Solid State Physics Lecture 1 of 20

May 7, 2012 by icts@ictp.it

S. Scandolo, ICTP

This first lesson is an introduction to solid state physics. The course will be mainly focused in the material science topic as a relevant topic for the short term development of the new technologies and the society in general. The lesson starts by considering different materials at the microscopic level and how atoms are organized in solids. Some examples were considered to illustrate this fact starting from plastics and that the most common molecule that form its structure is Polyethylene a thermoplastic polymer consisting of long hydrocarbon chains. Different arrange of these polymers result in different type of plastics.

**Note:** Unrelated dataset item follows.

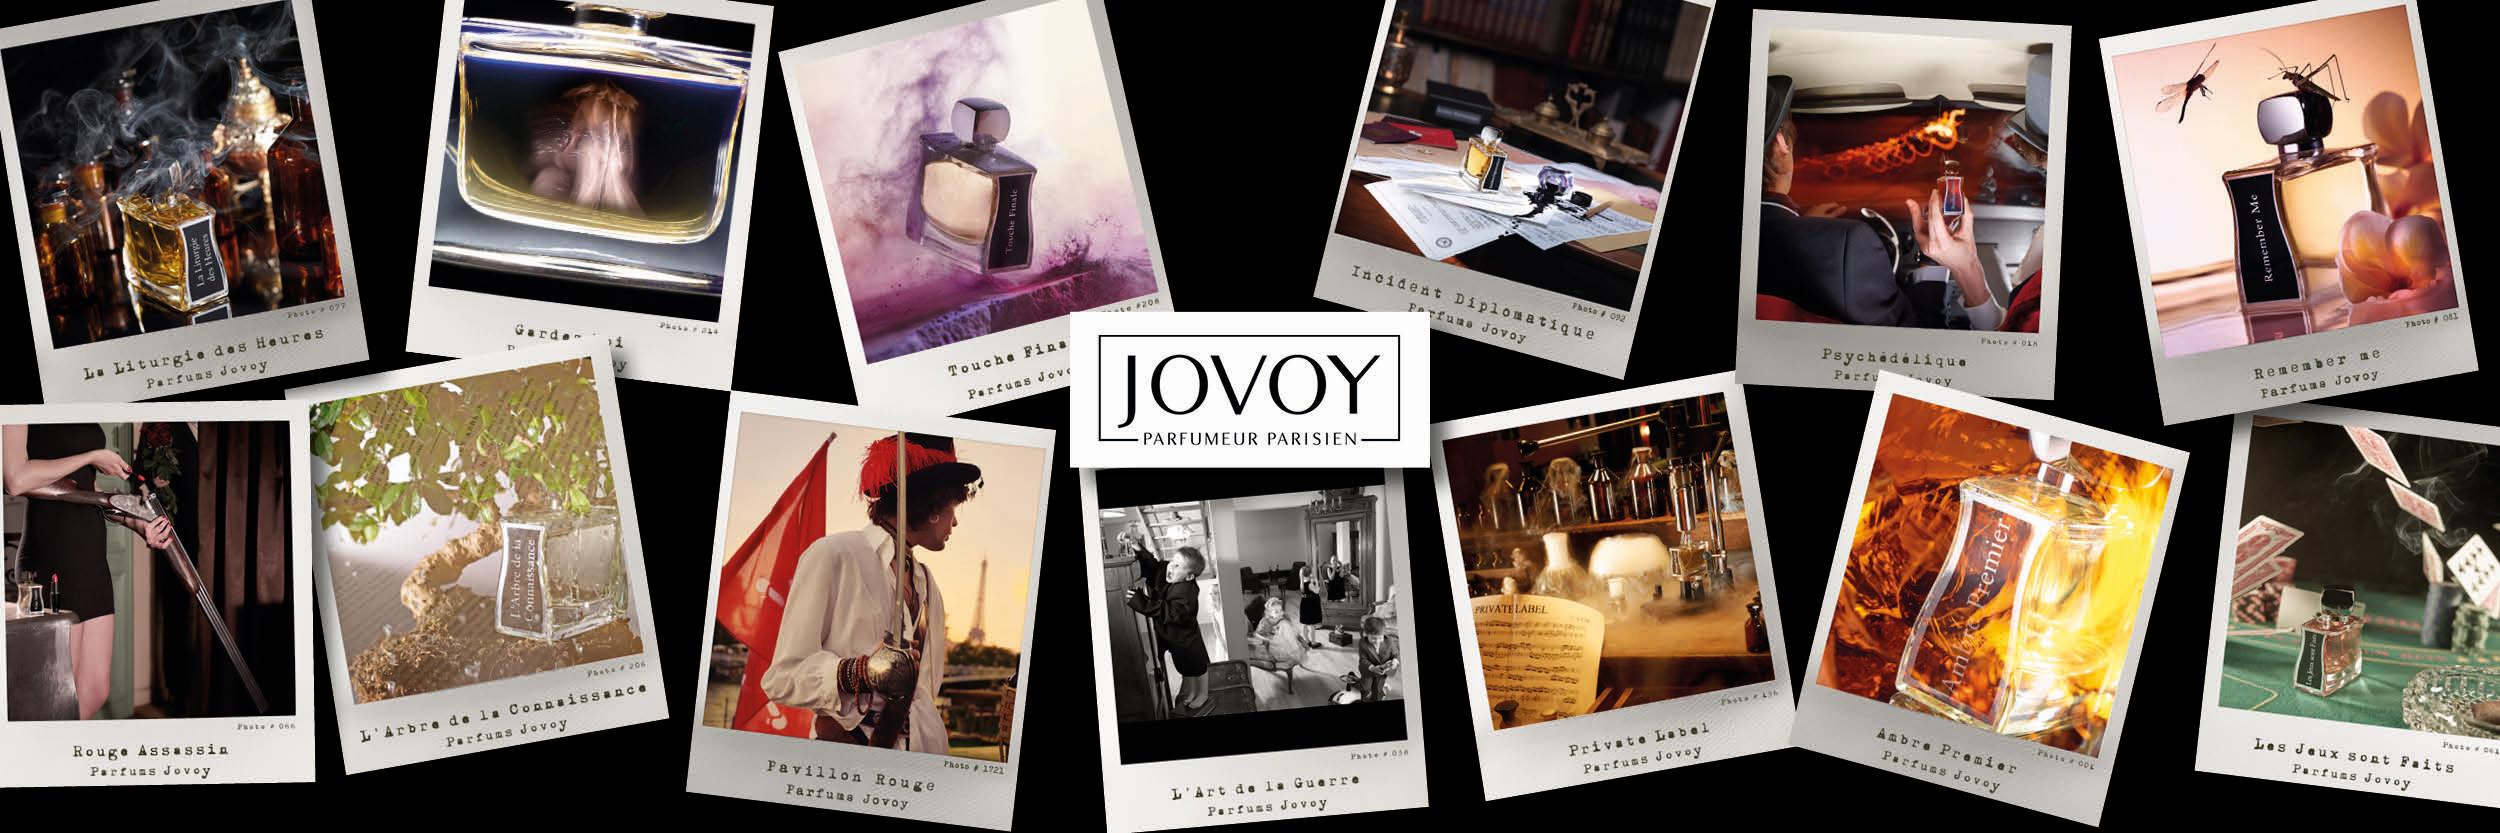 Jovoy

The second example was the metals, in particular the Aluminum (Al). In this case atoms are ordered and in for Al it is surrounded by 12 nearest neighbors in a face centered cubic lattice, these ordered systems are called a crystals or crystalline solids: that is a solid material whose constituent atoms, molecules, or ions are arranged in an orderly, repeating pattern extending in all three spatial dimensions. In nature solids are not formed but a single crystal but by the collection of several crystals arranged in domains each of them with a random orientation. It was extensively discussed that the inner core of the Earth may be a single crystal of iron.

The third example considered was Glasses, an amorphous (non-crystalline) solid material. In particular the most familiar type of glass, used for centuries in windows and drinking vessels, is soda-lime glass, composed of about 75% silica (SiO2). It was emphasized that most of the time of the course we will study crystalline solids because they are ordered periodically while glasses are not.